*** Opening of COLLECTED DATA ***

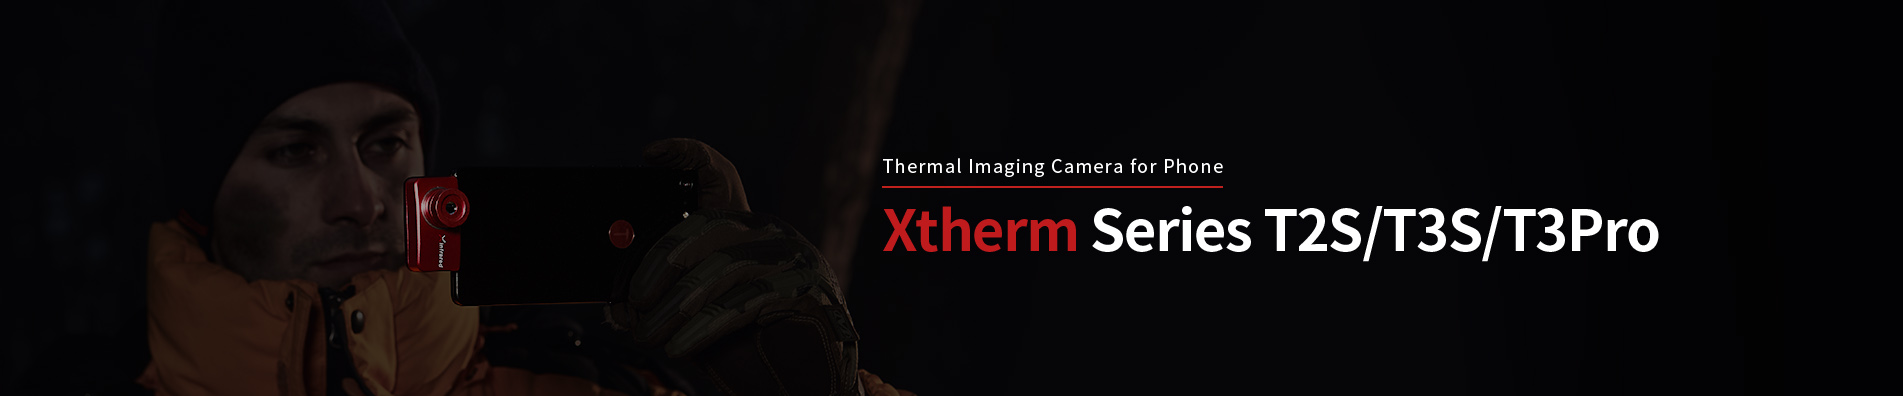 Wärmebildkamera-Xtherm-Serien
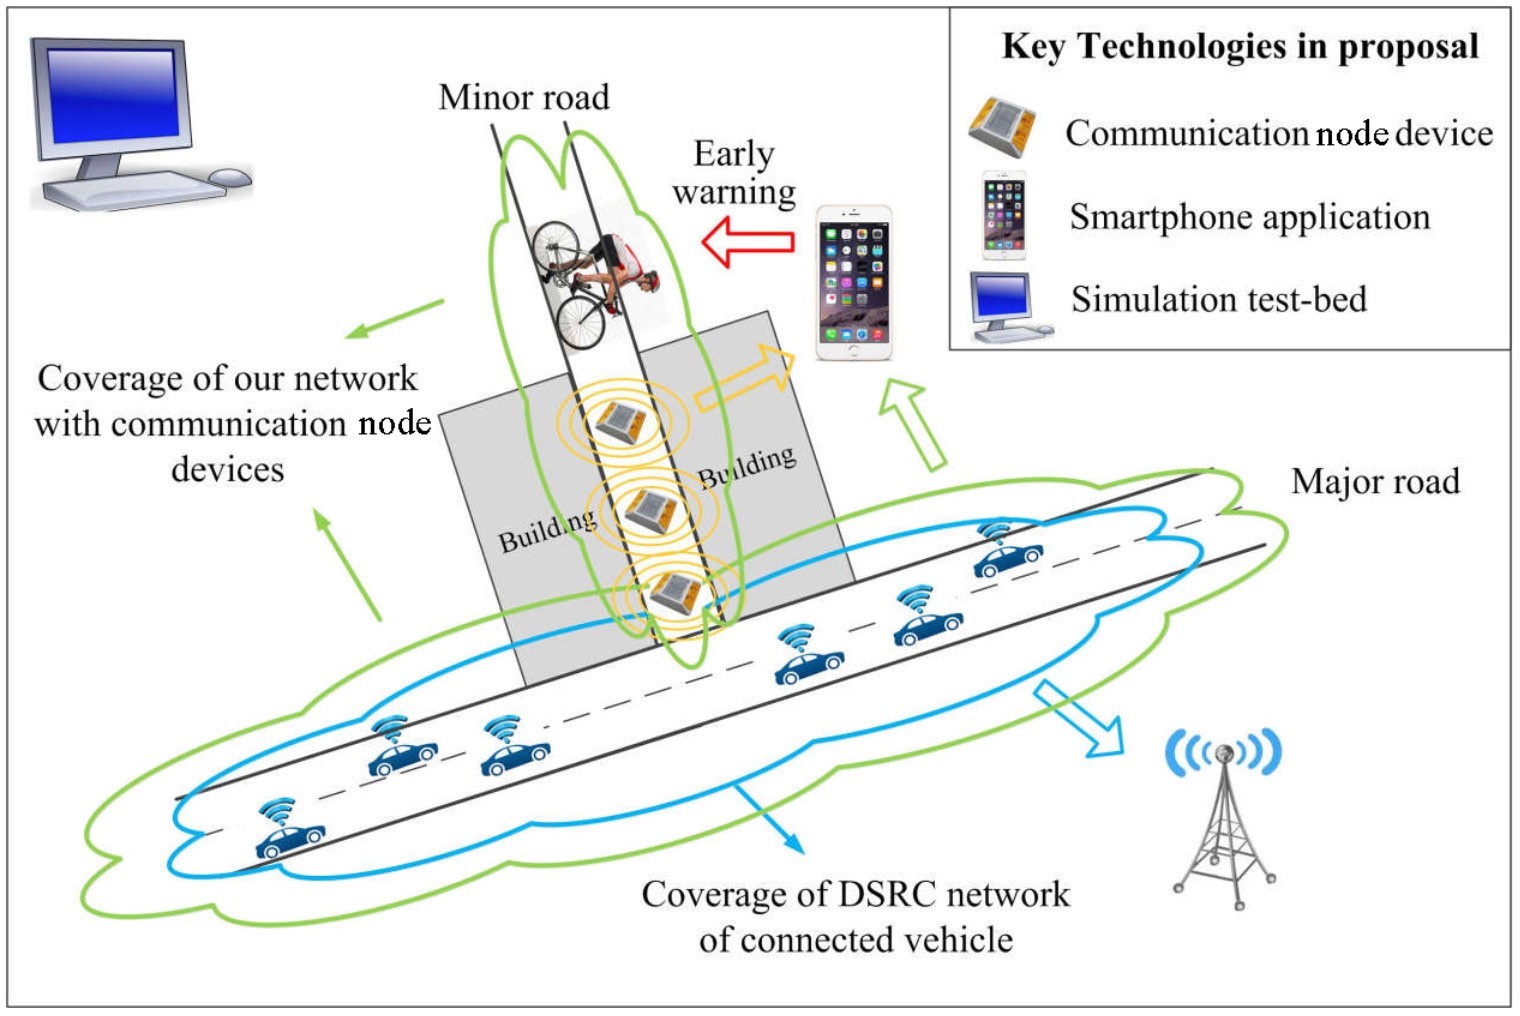 Illustration of the communication node devide application in a vision-restricted street scenario
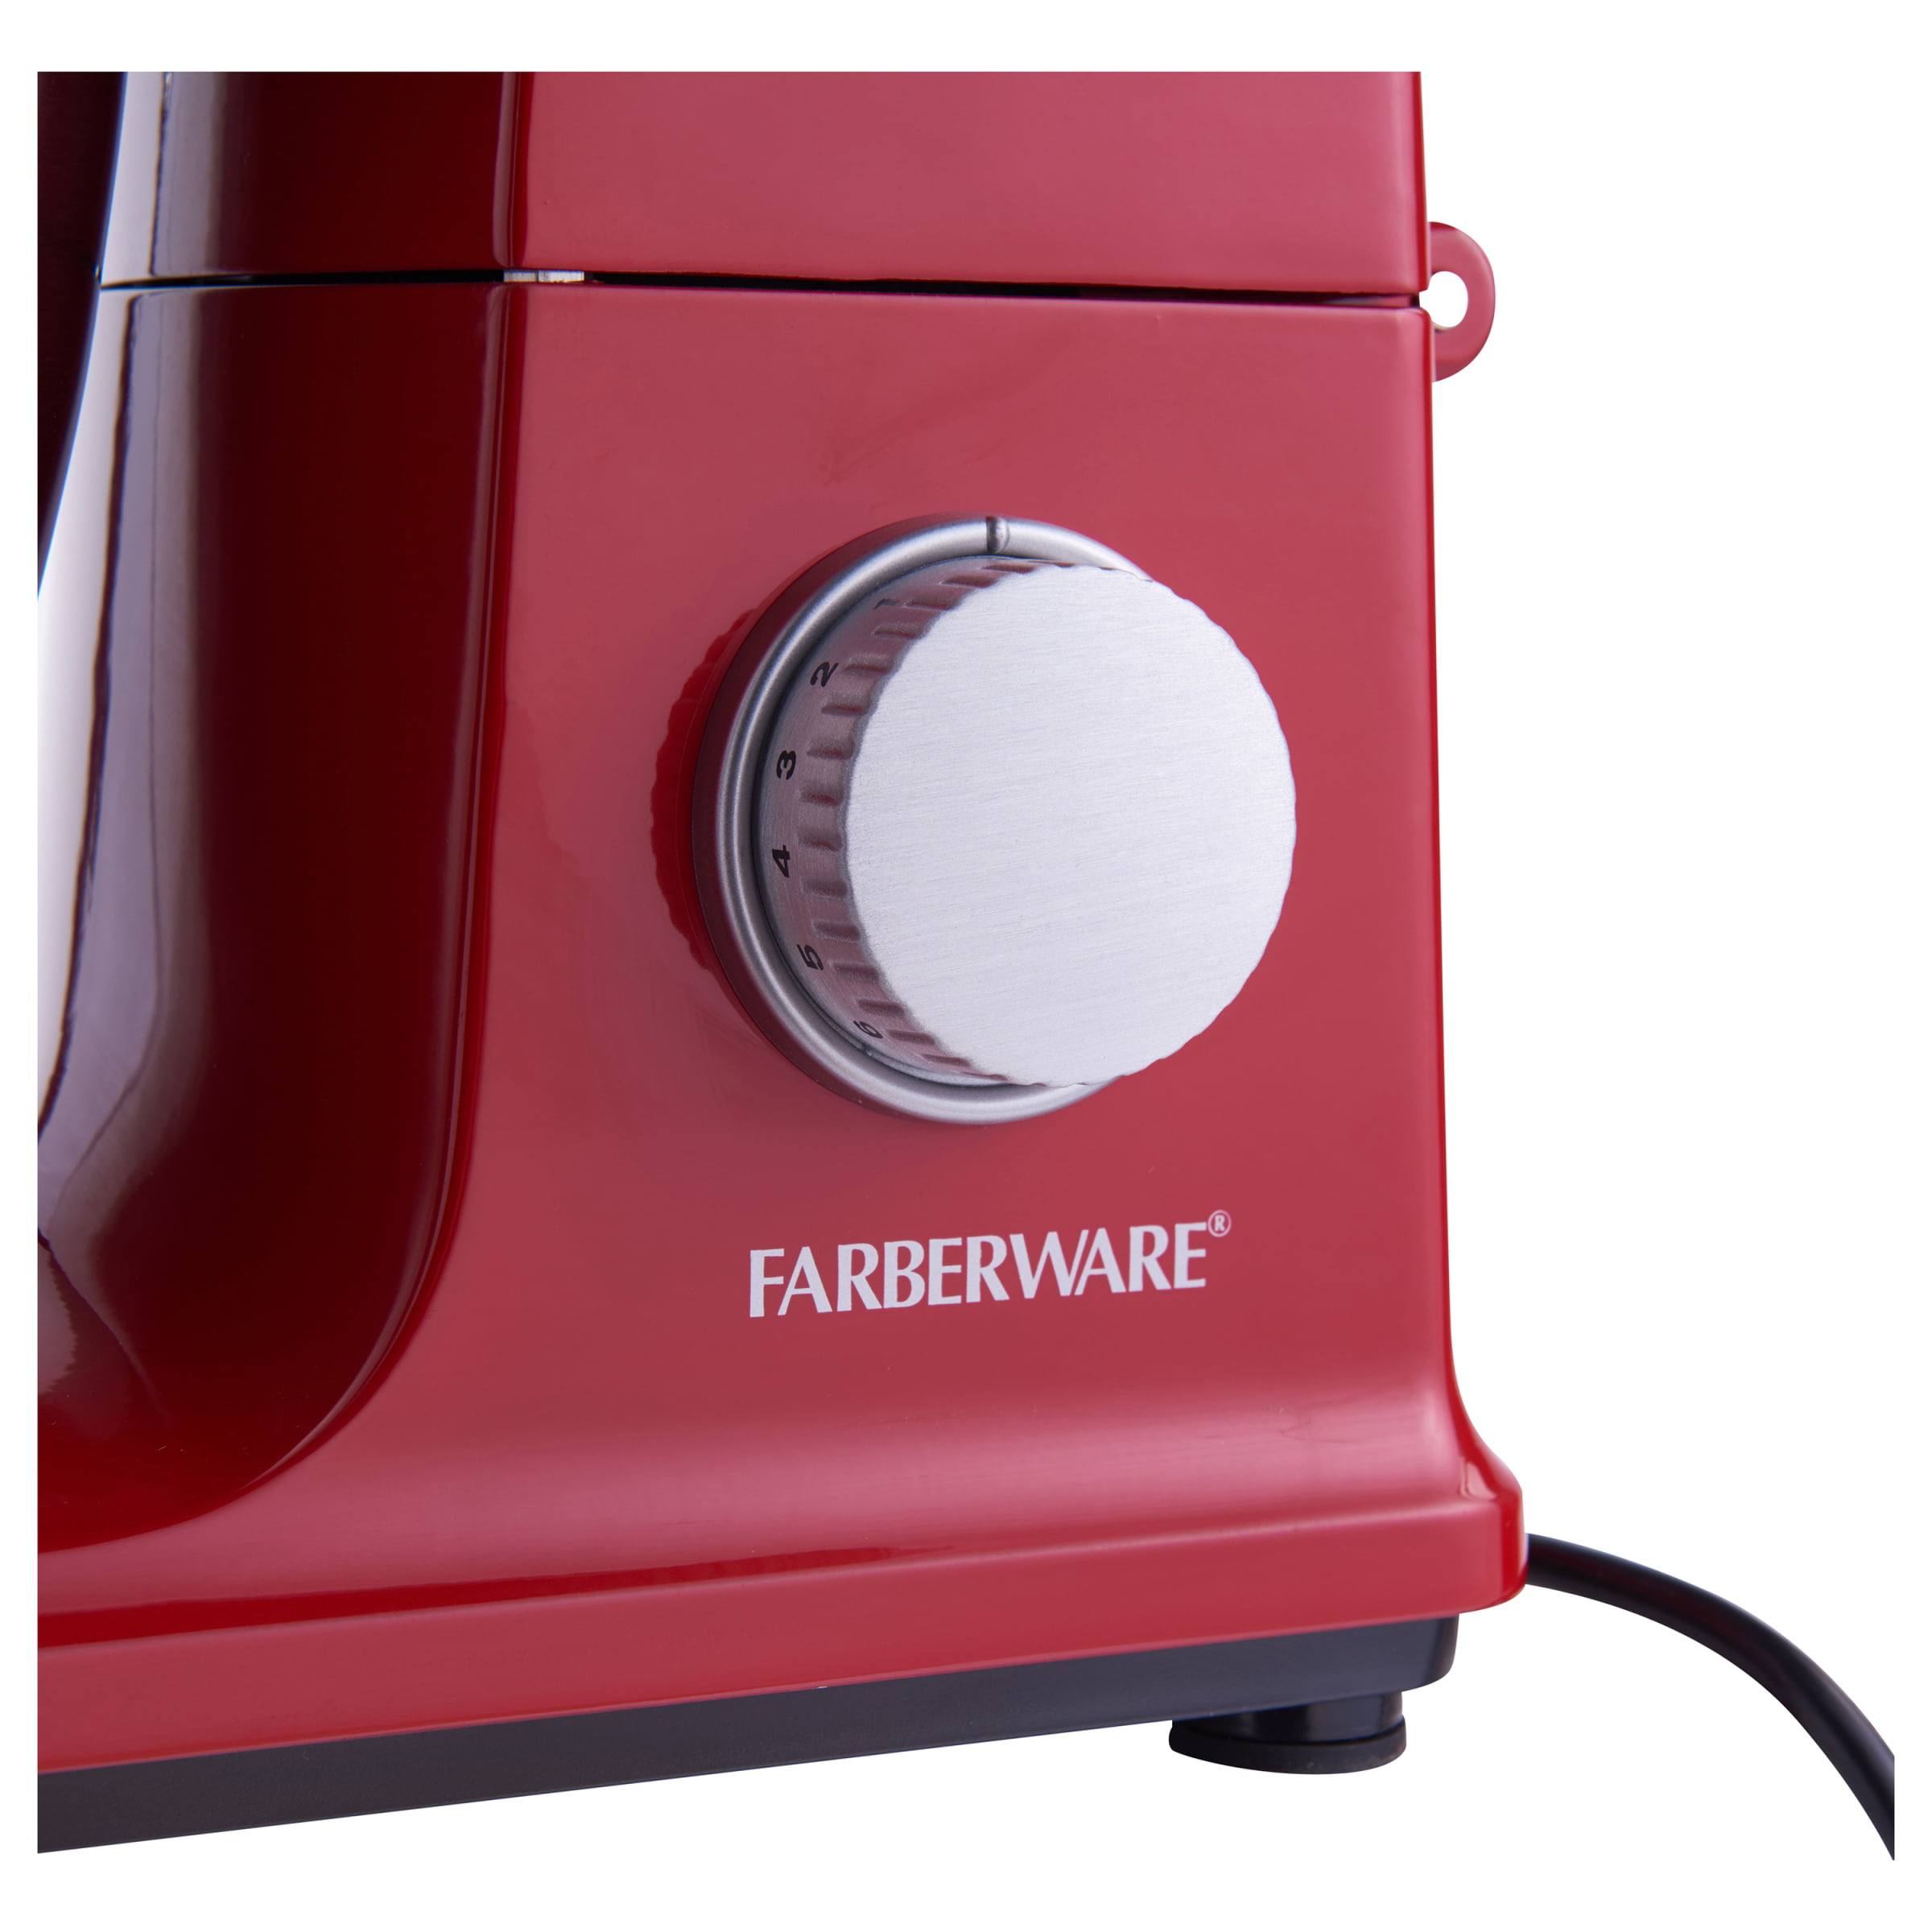 Farberware 4.7 Quart Teal Stand Mixer

*** Close of COLLECTED DATA ***

◆ TASK ITEM
Return every line shown above without changing a word, and skip the pictures.

◆ ANSWER BOX
 Wärmebildkamera-Xtherm-Serien
 Illustration of the communication node devide application in a vision-restricted street scenario
 Farberware 4.7 Quart Teal Stand Mixer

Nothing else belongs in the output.